According to Entertainment Weekly, the longtime “Wheel of Fortune” host jokingly — but with surprising intensity — scolded a contestant for protesting the answer to a crossword puzzle during the game. The contestant, Darin McBain, had to guess four expressions that begin with the word “kitchen,” correctly answering, “Cabinet, towels, oven, sink.”

“Kitchen oven? What was that?” McBain said after solving the puzzle. “Who calls it a ‘kitchen oven’?”

Also, Sajak didn’t seem to appreciate this, responding with faux exasperation, “You won! Don’t argue, Darin! You got the puzzle! Ungrateful players, I’ve had it!” before quickly adding, “No, I’m just teasing.” He continued, laughing, “I finally snapped.”

Later on in the episode, Sajak apologized for the outburst, telling McBain, whose mother was a three-day champion on Wheel in 1982, “I’m sorry I yelled at you, Darin.
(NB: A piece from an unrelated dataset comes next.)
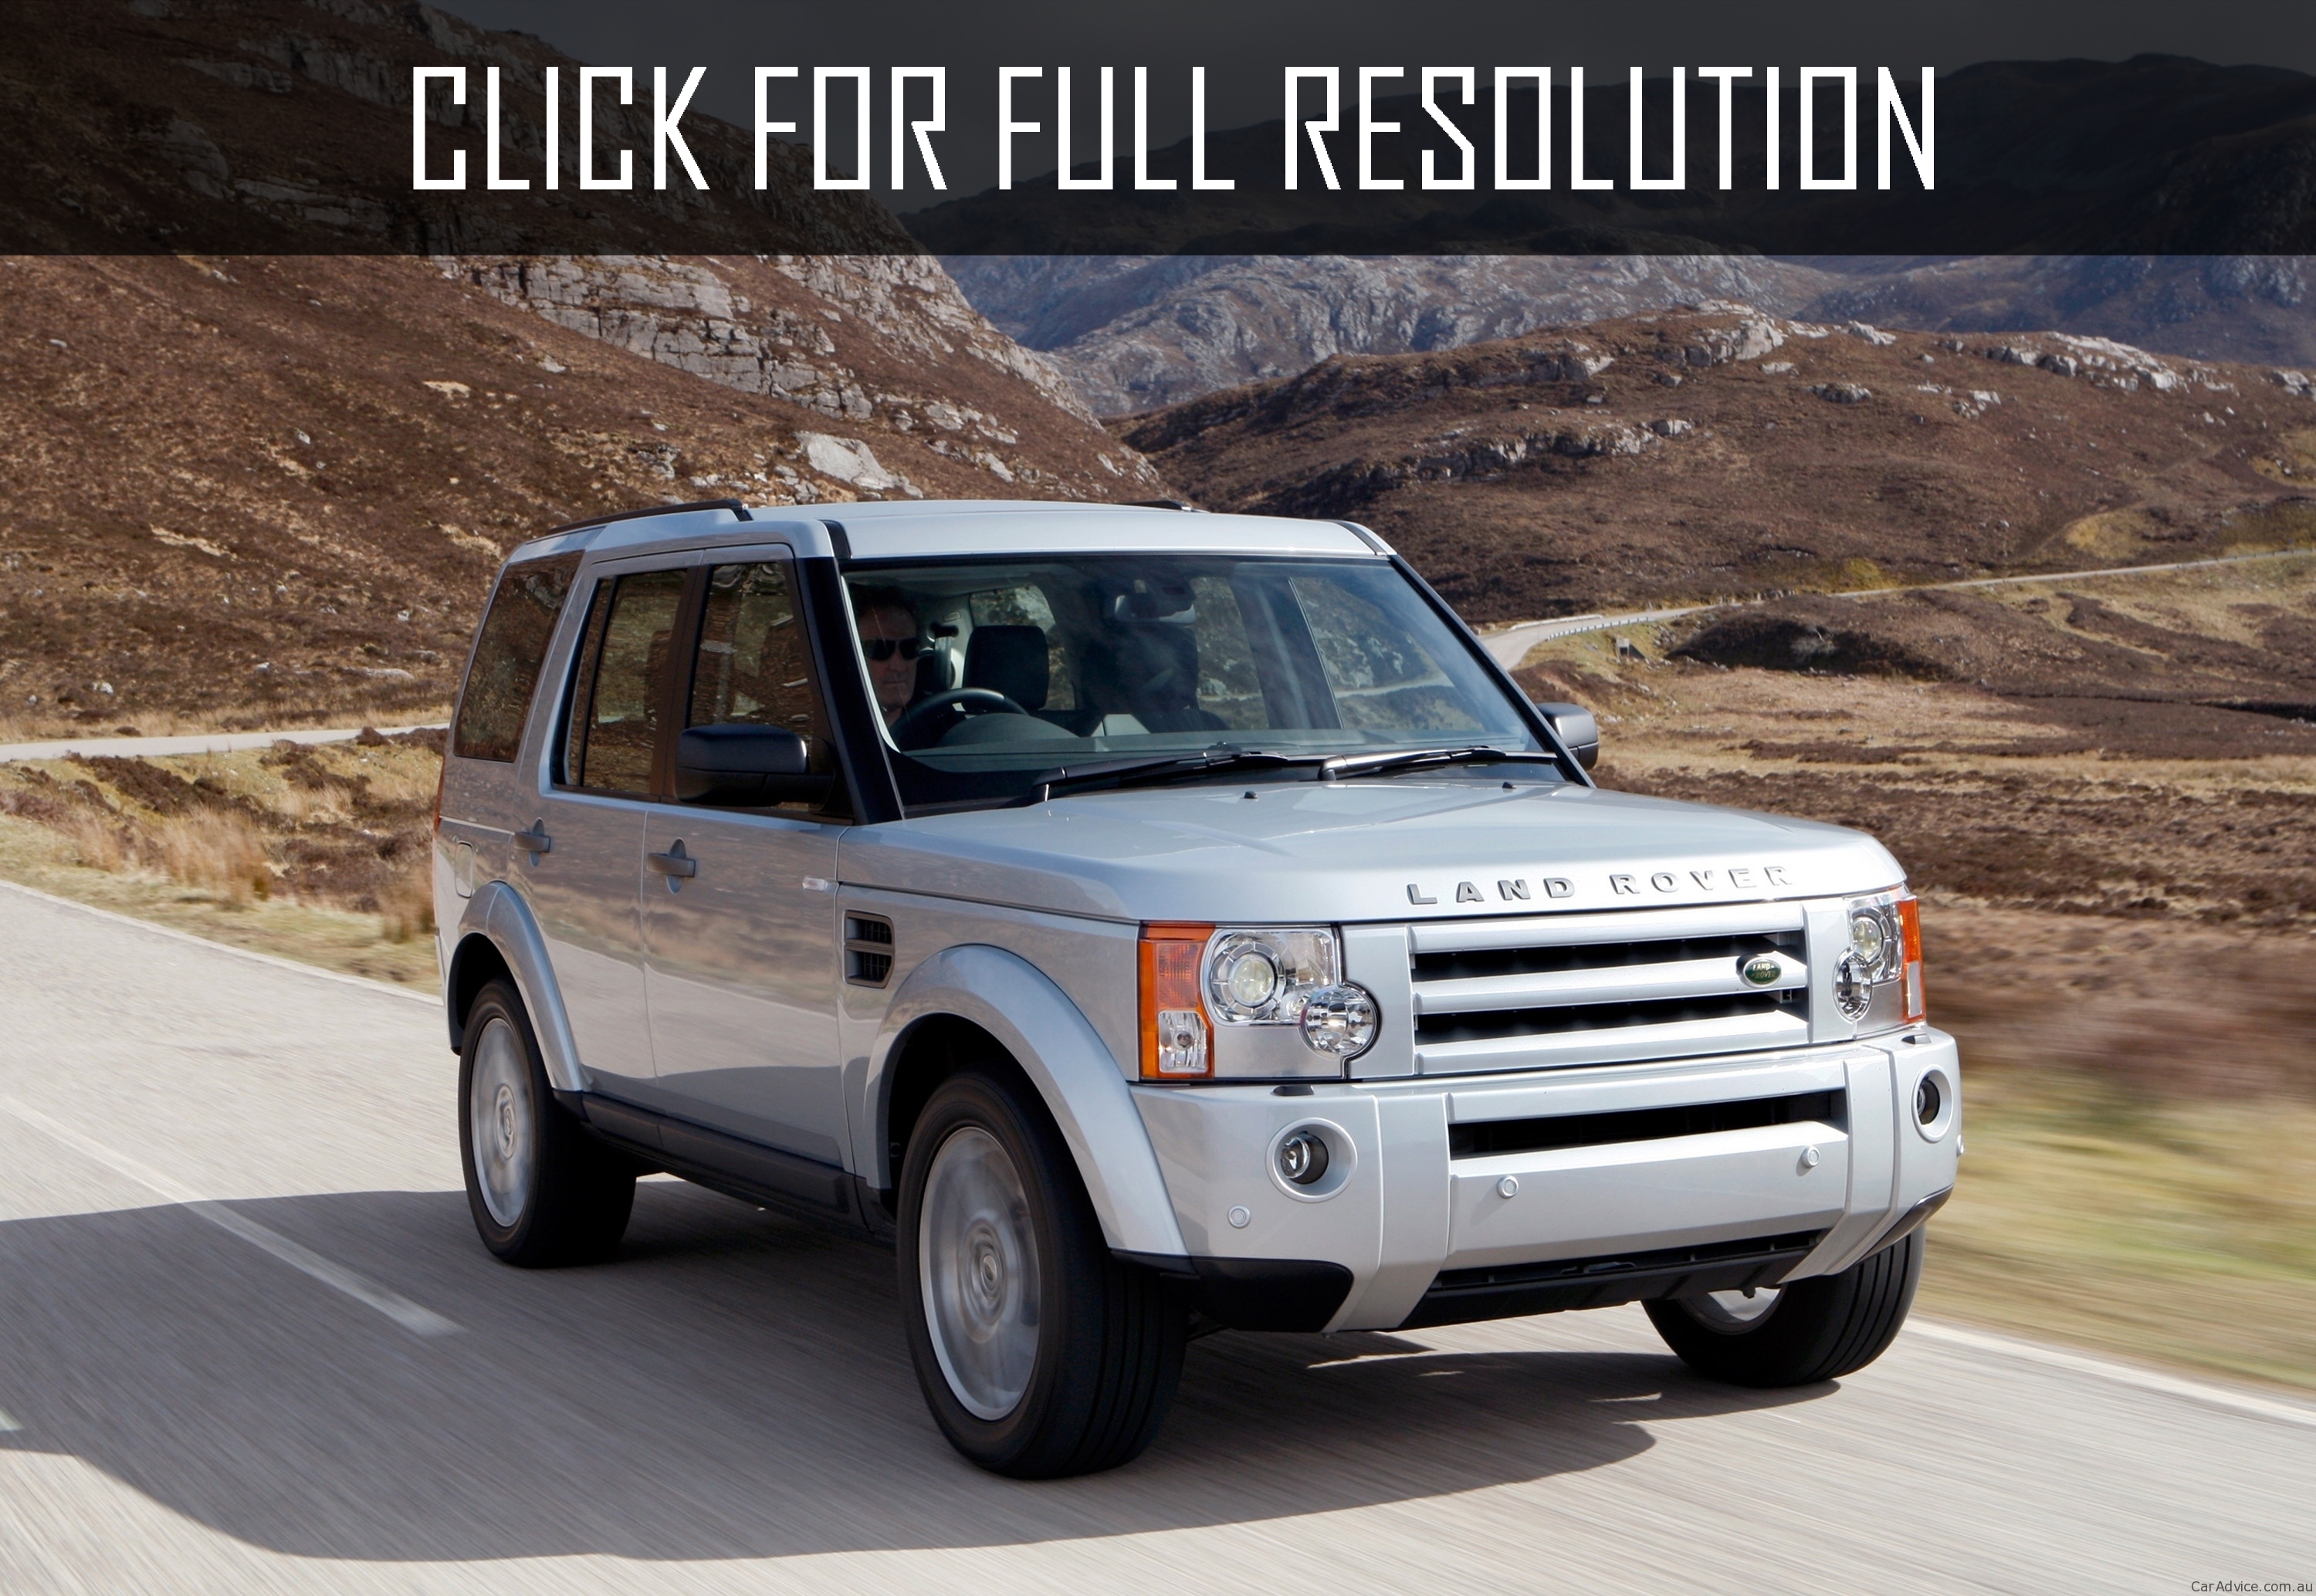 2010 Land Rover Discovery 3 news, reviews, msrp, ratings

I just don’t remember your mother giving us trouble like you did.”

Pat Sajak Shares Assessment On Projected Election Results

Additionally, Sajak has expressed his own opinion about presidential election results and how votes are counted.

Sajak considers himself both a conservative and Republican, according to Vice. He’s donated to affiliated causes in the past.

But the game show host doesn’t appear to be a supporter of Donald Trump as president. According to Pop Culture, Sajak also purchased a pen used in Trump’s impeachment.

Sajak, who was born in Chicago, began his career as an English-language announcer for a Spanish-language radio station in Chicago. He served in the U.S. Army in Vietnam as a DJ for Armed Forces Radio from 1968 to 1972.

He worked as a DJ in Kentucky, then as a weatherman in Nashville and Los Angeles before being picked by Merv Griffin to host Wheel of Fortune.